The parliamentary committee that cleared him was chaired by Seme MP Dr James Nyikal, a second-term legislator with a medical background who had publicly committed to a rigorous inquiry.
Whether the rigour that Dr Nyikal intended survived contact with the secretariat process managed by Mr Gindicha is a question that the report’s conclusions make difficult to answer charitably.
What is unambiguous is the hierarchy of accountability that existed before the parliamentary report arrived.
A government-appointed expert committee had explicitly named individuals for criminal prosecution.
Police investigations were running in parallel. The Ministry of Health had pledged implementation. The President himself had fired the hospital’s owner from a state post.
And then Parliament’s committee produced a report that said, in effect, never mind. The hierarchy of accountability was inverted. The expert committee’s findings were not rebutted or challenged on their substance.
They were simply set aside, replaced by a parliamentary verdict that served different interests.
Who benefited? Dr Swarup Ranjan Mishra, an Indian-born physician from Odisha who built a medical empire on Kenyan credit, entered Kenyan politics through Rift Valley goodwill, was fired by the President under the weight of a criminal investigation, and now finds his hospital on a path back to full operation courtesy of the National Assembly’s Health Committee.
Who administered the process that produced that outcome? Mr Adan Sora Gindicha, Principal Clerk Assistant II, Head of Secretariat, the Departmental Committee on Health. And who is asking either of them the hard questions about how this happened? At present, remarkably few people.
This publication is asking them now.
The Questions That Remain Unanswered
Kenya Insights submitted a detailed list of questions to Mr Gindicha through the parliamentary administration.
We asked how the committee’s terms of reference were determined and who advised on their scope.
We asked whether the Bukusi report’s findings were formally placed before committee members as evidentiary material, and if so, how they were characterised in secretariat briefings.
We asked whether any committee members raised concerns about the divergence between the Bukusi committee’s conclusions and the parliamentary inquiry’s trajectory.
We asked whether Mr Gindicha has had any professional, social or financial relationship with any representative of Mediheal, its founder, or any associated entity.
We asked whether he was satisfied that the process he administered produced a just outcome. We received no response.
We submitted similar questions to Mediheal Group of Hospitals and to Dr Mishra personally.
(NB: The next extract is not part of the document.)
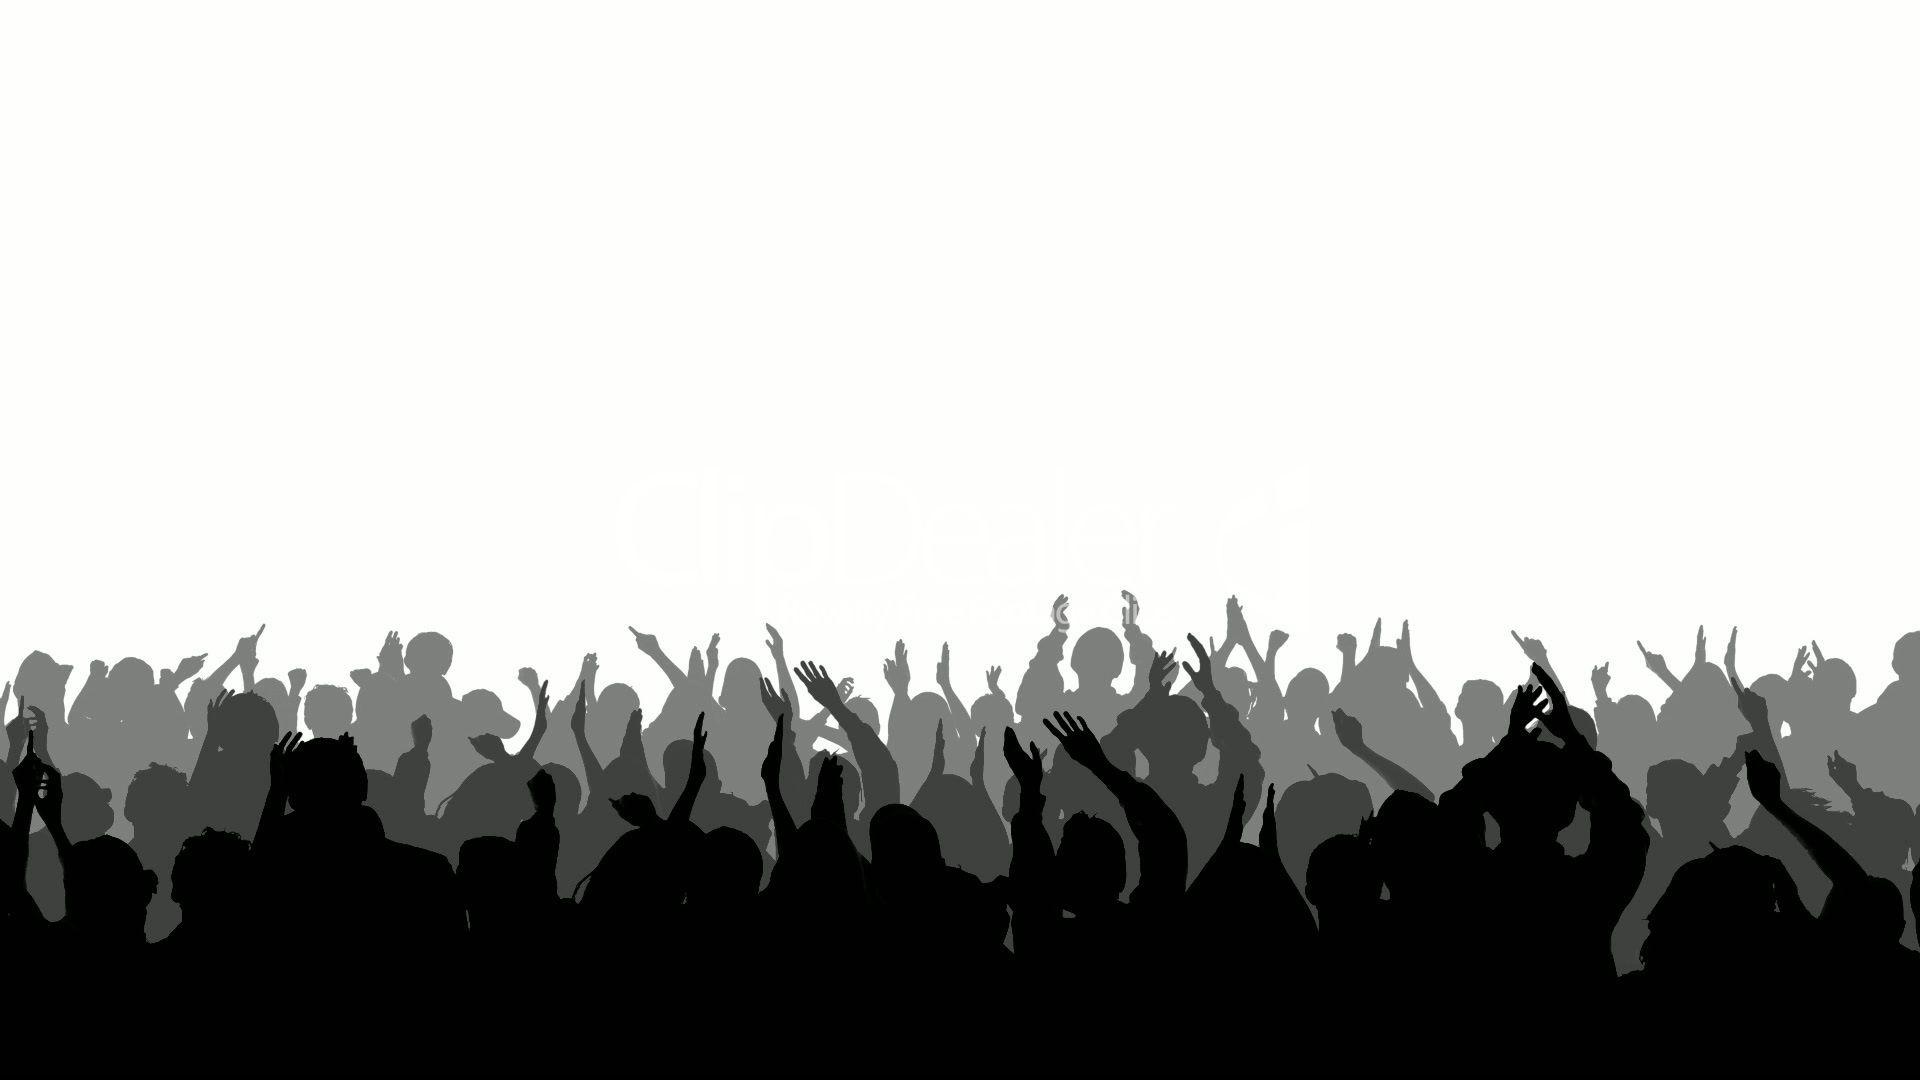 Crowd Silhouette   Cheering Crowd Silhouettes 2: Vidéos et clips libres de droits

We received no response. We asked the parliamentary administration whether any formal review of the inquiry’s conduct would be undertaken given the divergence from the Bukusi report. We received no response.
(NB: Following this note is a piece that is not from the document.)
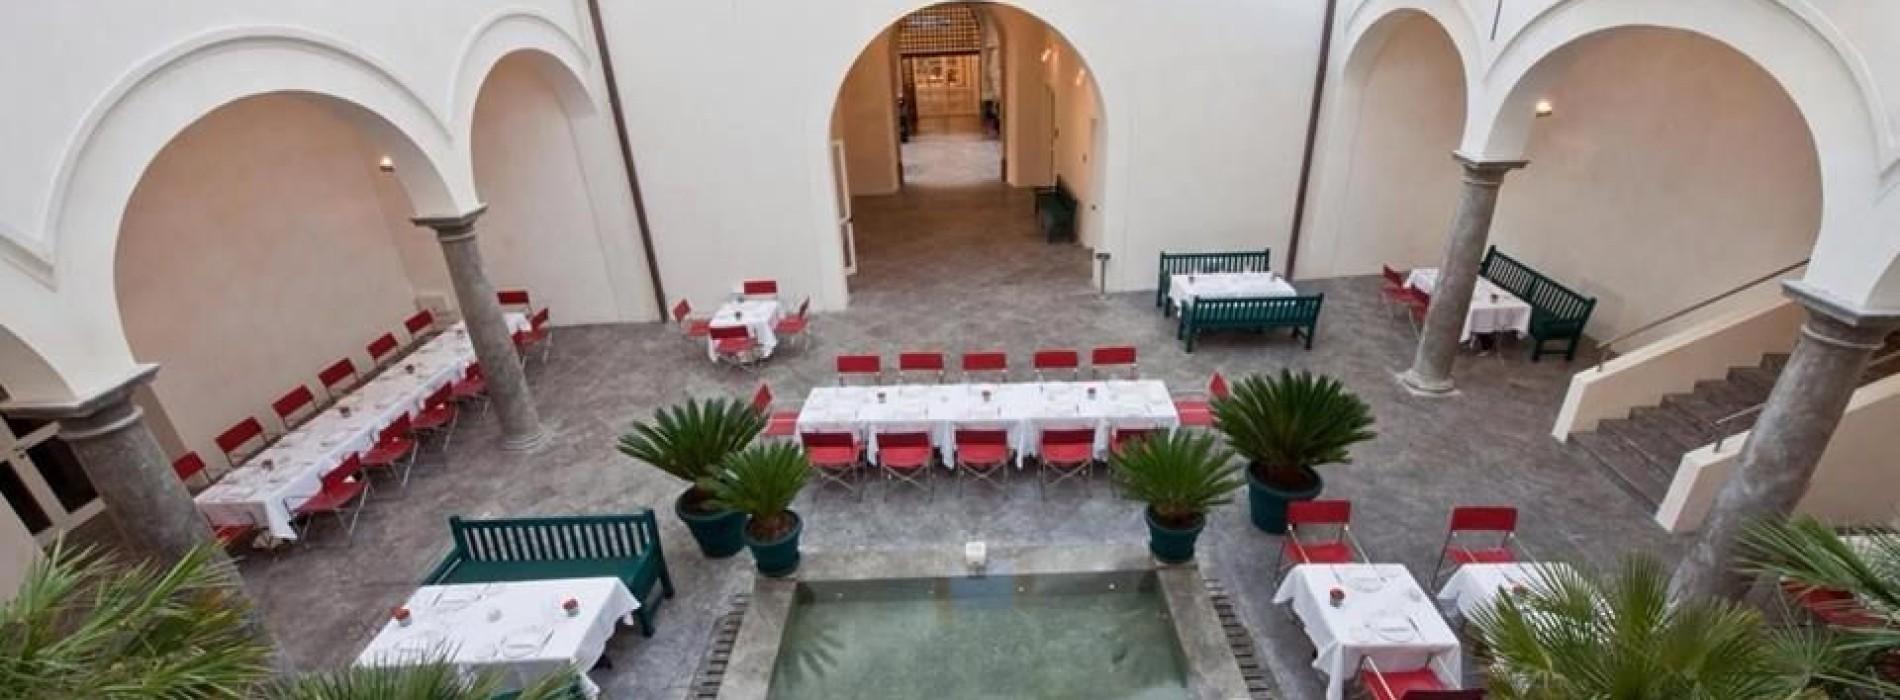 Ristorante Branciforte a Palermo: l'arte ospita la buona cucina

Silence, in the accountability journalism tradition, is itself a form of answer.
When powerful institutions and the individuals who serve them decline to explain outcomes that benefit private interests at the expense of documented victims, they are not exercising a neutral right.
They are choosing opacity over transparency at a moment when transparency is precisely what justice requires.
The organ trafficking scandal that played out at Mediheal’s Eldoret facility produced real victims, documented by international media houses with no commercial interest in the outcome.
It produced a 314-page government report that named people and recommended their prosecution.
It produced a presidential firing.
And it has now produced a parliamentary report, compiled under Mr Gindicha’s administrative hand, that says the institution at the centre of all of this is essentially blameless.
Somebody should have to explain that.
Somebody should be made uncomfortable by the distance between what Kenya’s best medical investigators found and what Parliament’s Health Committee chose to report.
That somebody is, first and most immediately, Adan Sora Gindicha, the clerk who held the pen. And behind him, the question of who, if anyone, guided that pen from outside the file room.